= Prebisch–Singer hypothesis =

Economic hypothesis

In economics, the Prebisch–Singer hypothesis (also called the Prebisch–Singer thesis) argues that the price of primary commodities declines relative to the price of manufactured goods over the long term, which causes the terms of trade of primary-product-based economies to deteriorate. As of 2013, recent statistical studies have given support for the idea. The idea was developed by Raúl Prebisch and Hans Singer in the late 1940s; since that time, it has served as a major pillar of dependency theory and policies such as import substitution industrialization (ISI).

==Theory==
A common explanation for this supposed phenomenon is that manufactured goods have a greater income elasticity of demand than primary products, especially food. Therefore, as incomes rise, the demand for manufactured goods increases more rapidly than demand for primary products.

In addition, primary products have a low price elasticity of demand, so a decline in their prices tends to reduce revenue rather than increase it.
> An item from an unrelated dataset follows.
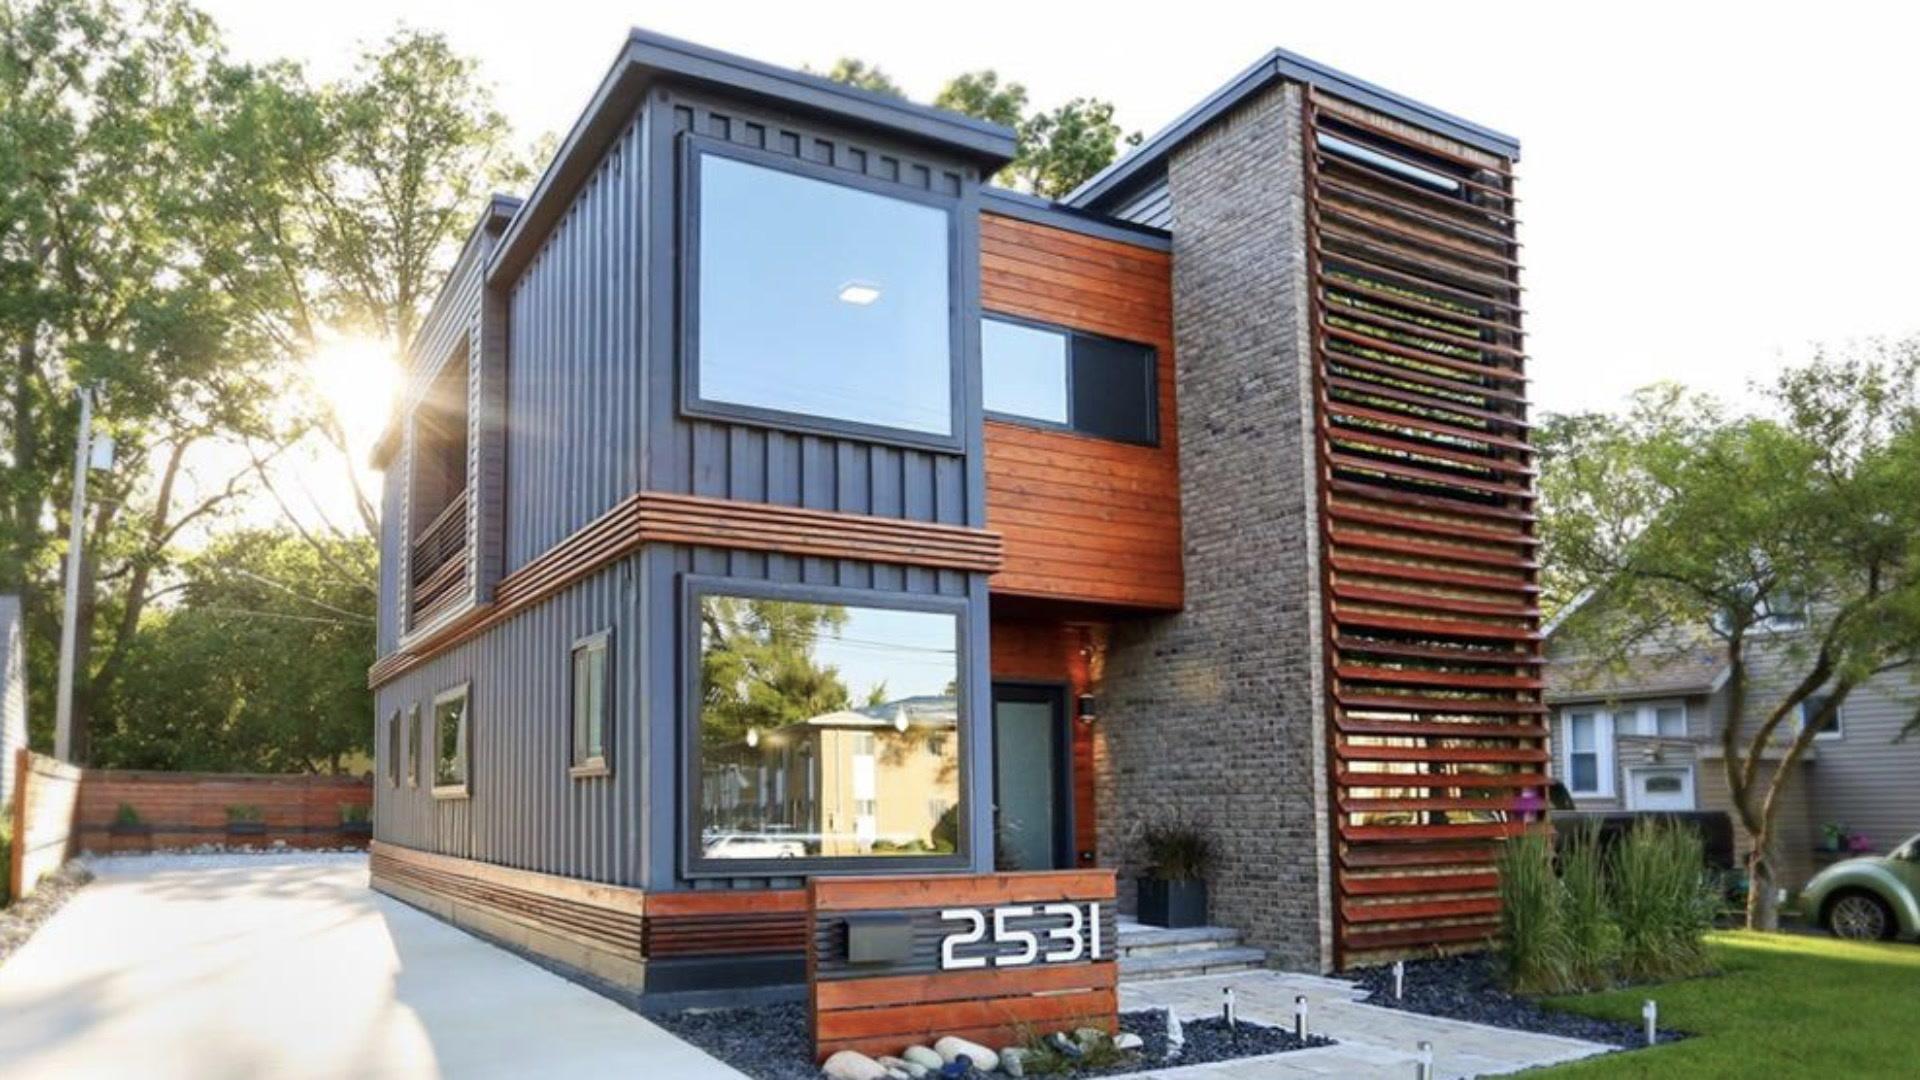 Inspirasi Rumah Kontainer Yang Bisa Ditiru Ada Plus Dan Minusnya Juga
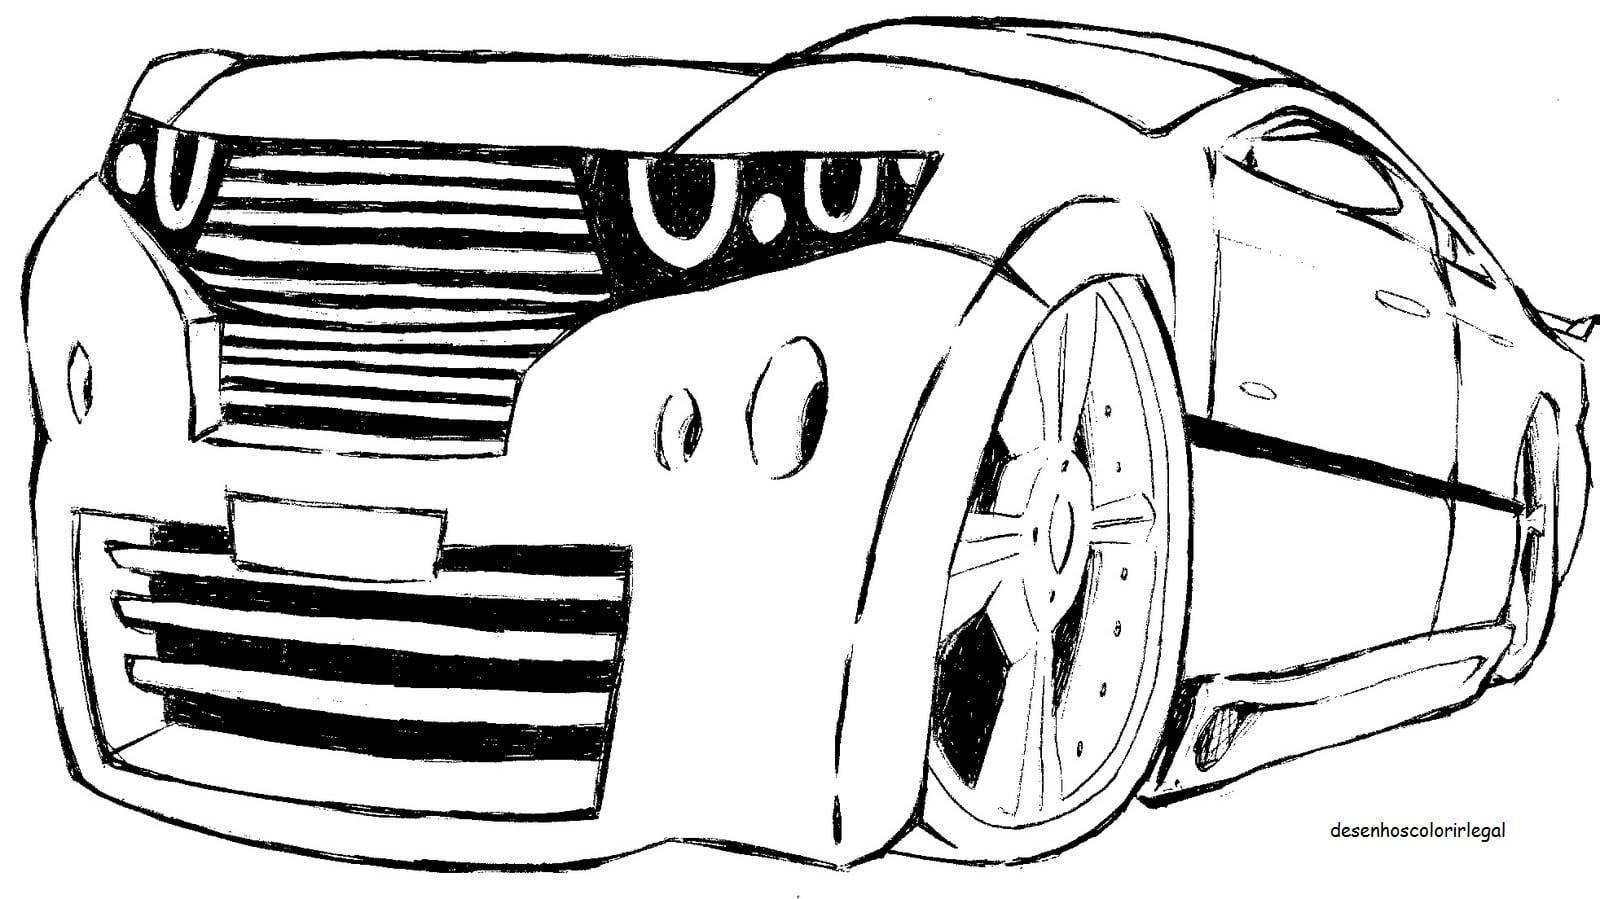 Desenho Para Colorir De Carros Disney: Desenhos De Carros Para Colorir E Imprimir Gratis

This theory implies that the very structure of the global market is responsible for the persistent inequality within the world system. This provides an interesting twist on Wallerstein's neo-Marxist interpretation of the international order which faults differences in power relations between 'core' and 'periphery' states as the chief cause for economic and political inequality (However, the Prebisch-Singer thesis also works with different bargaining positions of labour in developed and developing countries).

Singer and Prebisch noticed a similar statistical pattern in long-run historical data on relative prices, but such regularity is consistent with a number of different explanations and policy stances. Later in his career, Prebisch argued that, due to the declining terms of trade primary producers face, developing countries should strive to diversify their economies and lessen dependence on primary commodity exports by developing their manufacturing industry

The hypothesis has lost some of its relevance in the last 30 years, as exports of simple manufactures have overtaken exports of primary commodities in most developing countries outside of Africa. For this reason, much of the recent research focuses less on the relative prices of primary products and manufactured goods, and more on the relationship between the prices of simple manufactures produced by developing countries and of complex manufactures produced by advanced economies.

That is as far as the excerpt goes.